I recently moderated a webinar in which Sam Guckenheimer, a Microsoft product owner and group product planner, discussed their development journey to DevOps. It was a “lessons learned” presentation that any company looking to benefit from DevOps can use.
To sum it up: The first decade of doing agile development uncovered some key areas. First, your development team needs to be autonomous, yet aligned with the business in terms of goals and quality. Second, managing technical debt is important, as debt interferes with quality and poses a potential risk. Third, monitor the flow of customer value; that is, make sure you listen to the customer to minimize reworking code. Make sure the stakeholder is satisfied and has input, from idea to production.
(Related: How to plug into DevOps)
These are largely viewed today as essential to agile development. But Guckenheimer said the Microsoft developer division found four more “essentials” to moving from agile development into DevOps.
He started with the backlog, saying it is merely a set of hypotheses and beliefs rather than a form of requirements. The hypotheses need to be turned into experiments, which provide the data that can either substantiate or refute the hypotheses. “Learning leads to the next set of hypotheses. It’s not a random walk; it’s not a set guesswork; it’s a set of rigorous tests of beliefs using data to match against the beliefs,” he said.

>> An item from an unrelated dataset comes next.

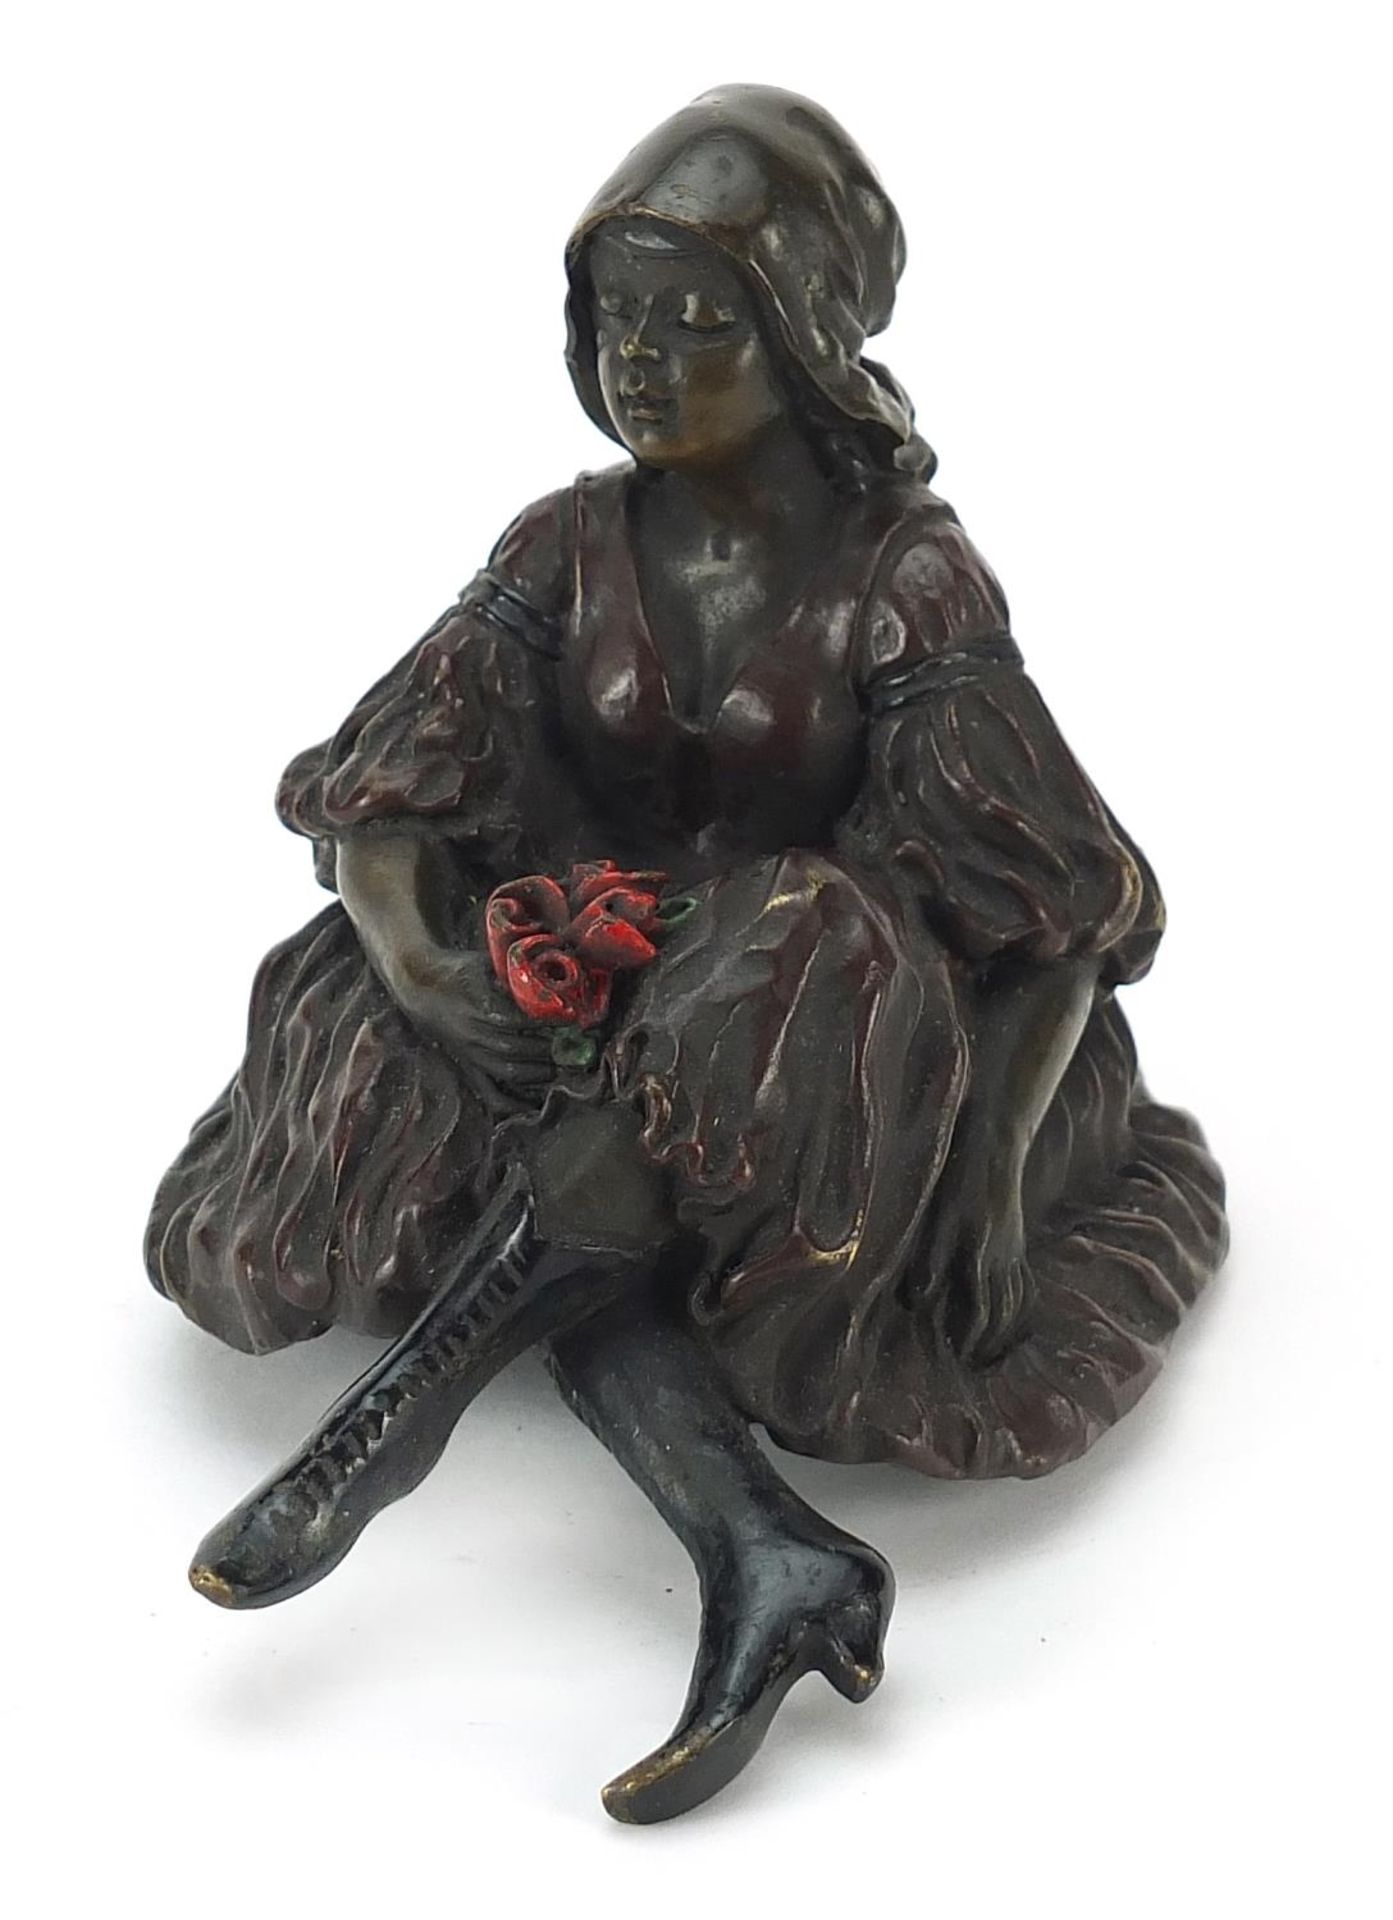 Cold painted bronze erotic figurine seated in a dress, 11cm in length

Guckenheimer shared this story: “We had a signup experience for Visual Studio Team Services. We asked for your identity, we asked you to set up a project, and then we had all these other tiles that informed you about what else you could do. And we were not at all happy with the conversion rate through this screen. So we set up an experiment where we diverted some of the traffic to a new experience. We had a Web version and we have an experience where you sign up through the Visual Studio IDE. In the IDE, we had an instant 7x bump on the new experience for signups from the IDE. On the Web, we had about a 50% bump. But we discovered by the comparison to the IDE that…we were pumping a bunch more traffic to the Web, essentially routing a large volume of unqualified leads in. We want to turn off that extra traffic, and when we did, we get to a 3x improvement on the Web. And of course we went to the new experience based on those results.”

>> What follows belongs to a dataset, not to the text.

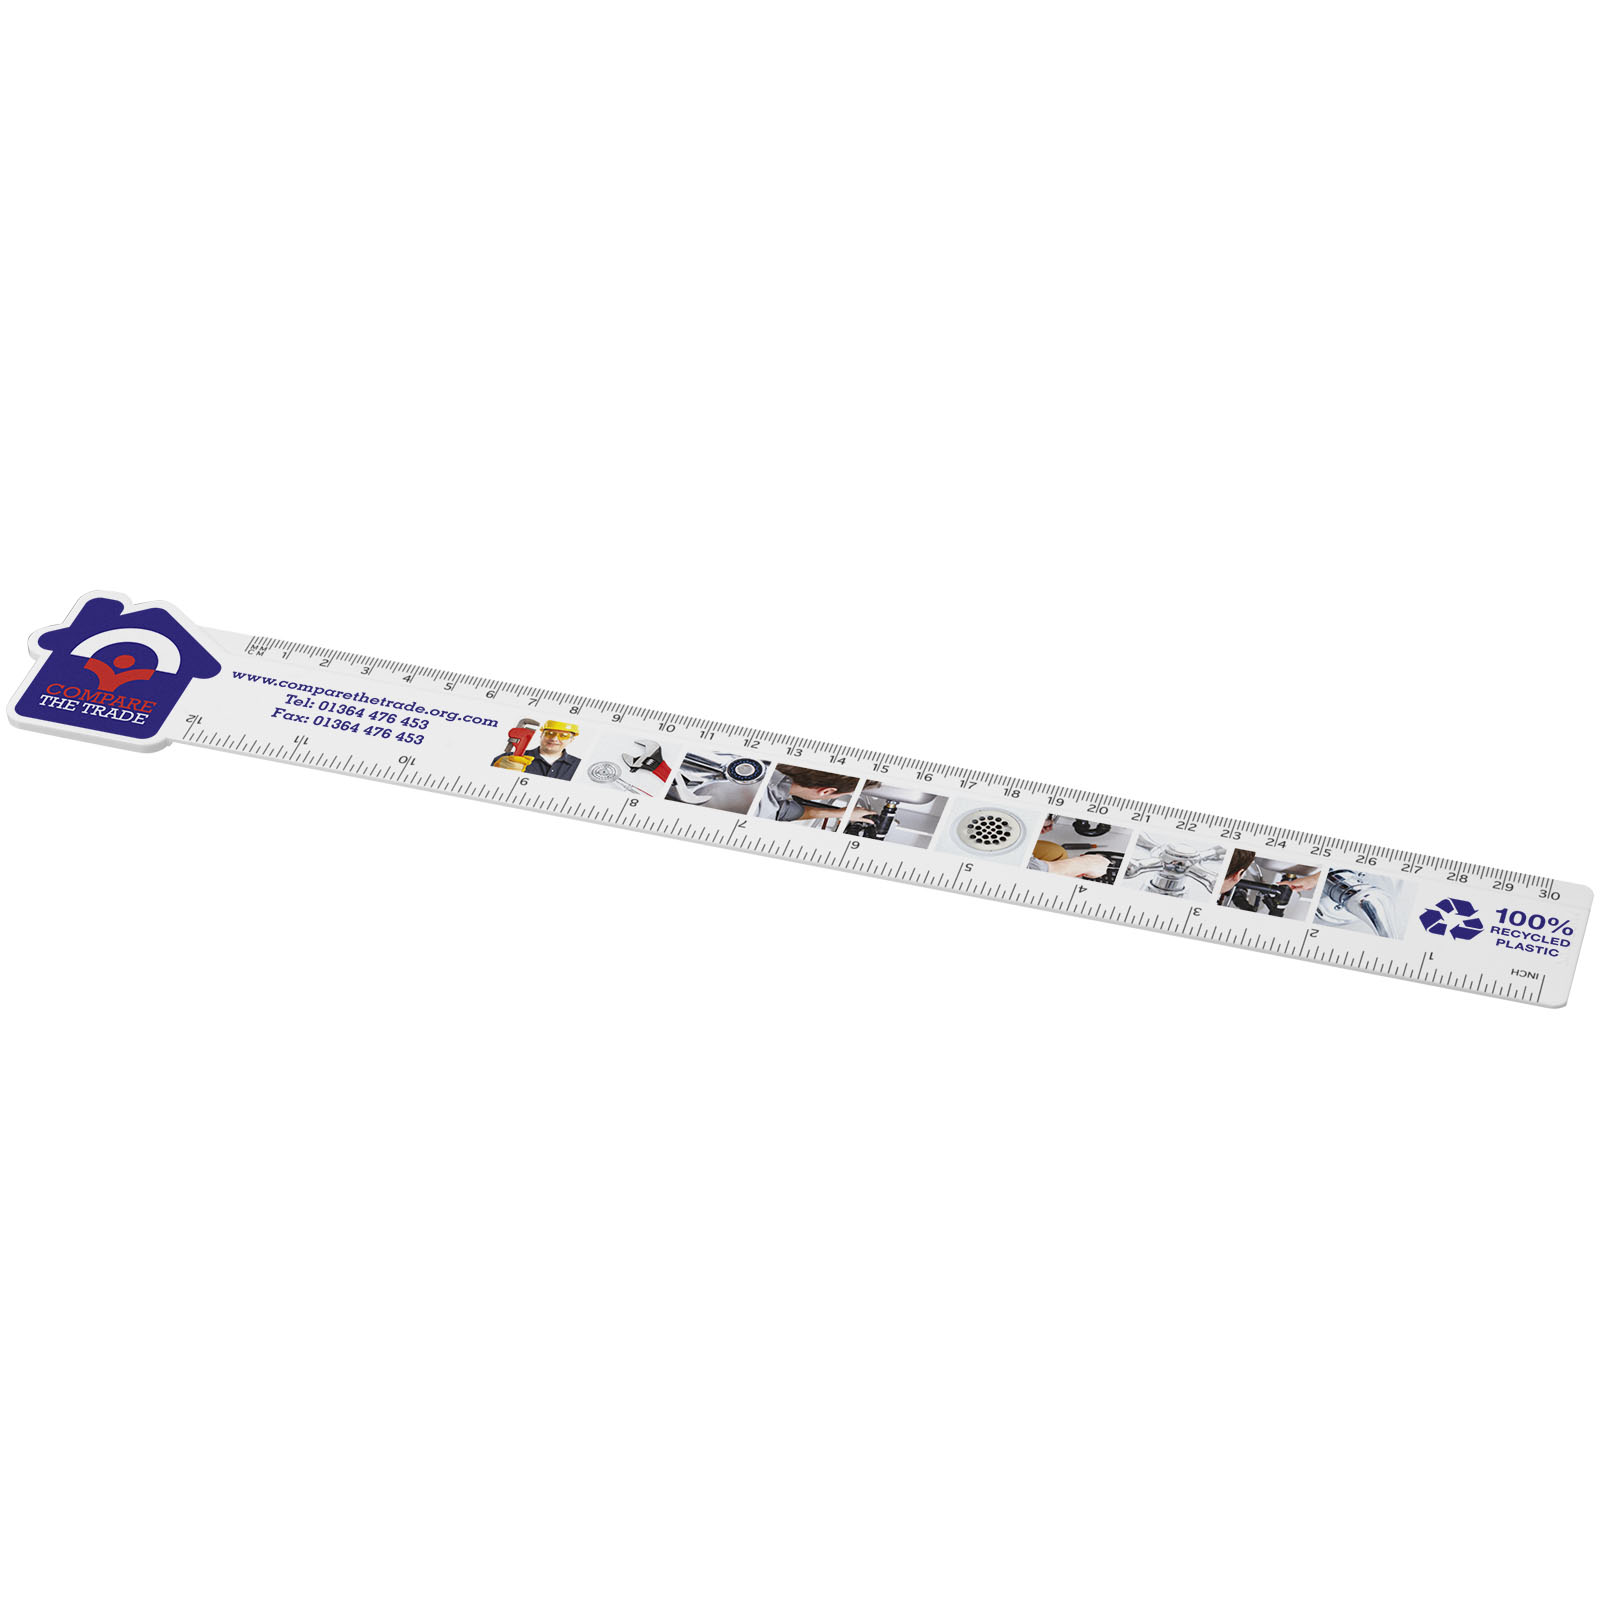 Advertising Desk Accessories - Tait 30cm house-shaped recycled plastic ruler

We could do that, he said, because we gather evidence in production. That’s the next essential habit. He said the Microsoft team gathered business-related data (conversions), but also gathered data for troubleshooting, as well as performance metrics, live-site issues that affect end users, and the number of times needed to communicate and mitigate issues. Precise alerting is key to fast issue detection on live sites, he noted, but it’s something people struggle with. You need a production-first mindset.
“We had these Tier 1 people in our service delivery team who were triaging lots of alerts,” said Guckenheimer. “They were looking at 40 or 50 alerts and trying to find which one is the real source of the problem. Based on that, they would contact the responsible individual, the developer on the feature crew who was responsible. He needs to be on the bridge in five minutes if it’s work hours, and 15 minutes if it’s outside of work hours.

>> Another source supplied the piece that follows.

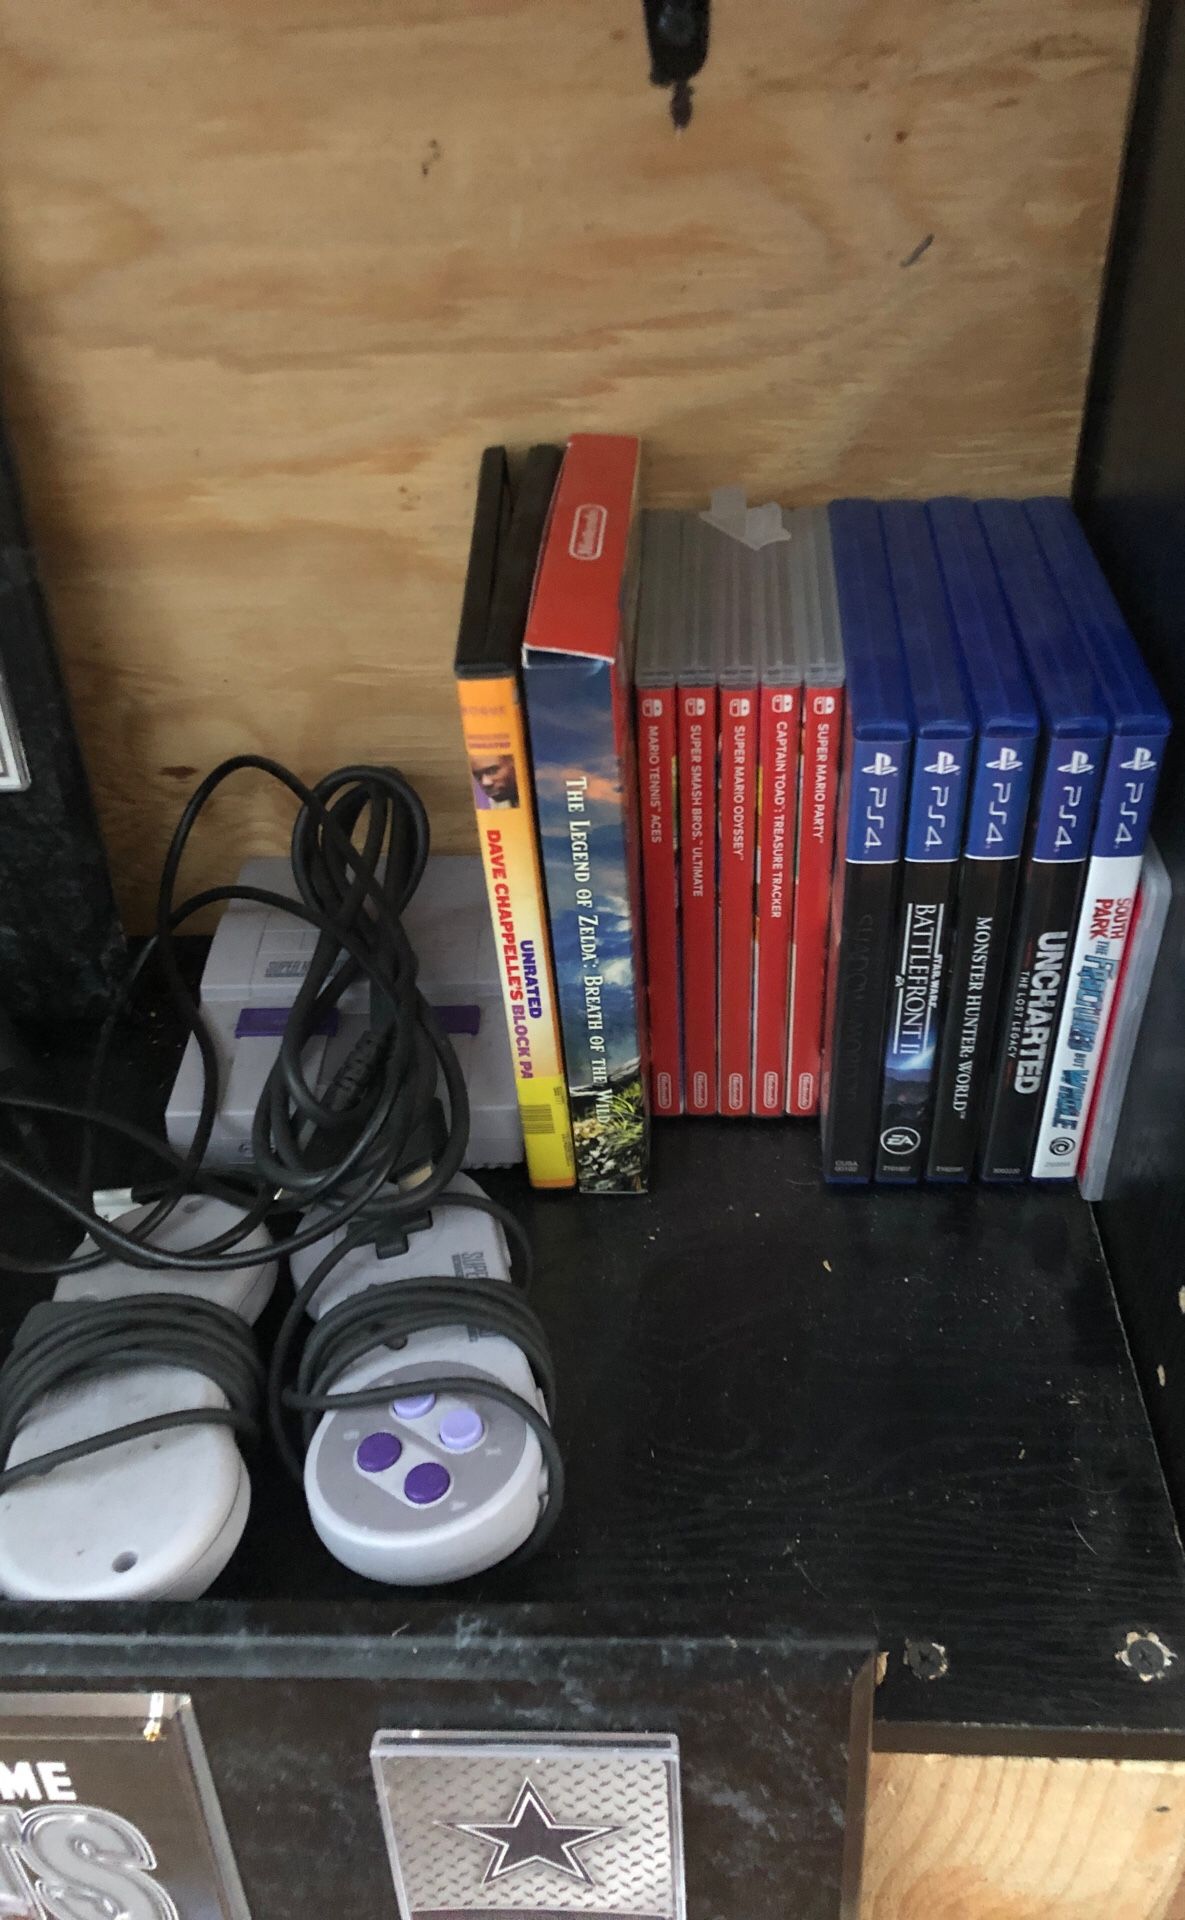 Super nes mini,Nintendo switch games and PS4 games

“We replaced that with a health model to find…the root cause via machinery. We set up an auto-dialer that would contact the developer responsible or the DRI from the feature crew on call that week. The result is we had a 40x improvement in the month we rolled it out, and reduced escalations by 50%, all by shifting from manual triaging of alerts to putting in place an automation. This comes from a mindset where you say I’m going to make everyone’s life better, even though it’s a you-build-it, you-run-it world.”
The seventh habit is managing infrastructure as a flexible resource. “We needed to shift the backlog from doing feature work first to doing live site work first. We needed a canary instance,” said Guckenheimer, where we work with our closest customers before we toggle the automation to let it move forward to the next rings of deployment.
Microsoft differentiates the idea of deployment from exposure with Feature Flags. “All code is deployed, but features not ready for wide usage will have the flag down on them so no users see it, or only select people can see it,” he said. “We have runtime control over how it gets exposed, so we can do experimentation. Customers can lift the Feature Flags on their accounts so they can participate in that experimentation. We can work with dark launches in production and build up experimentation and refinement, but not hide off in a branch and build up debt that we then have to remediate.”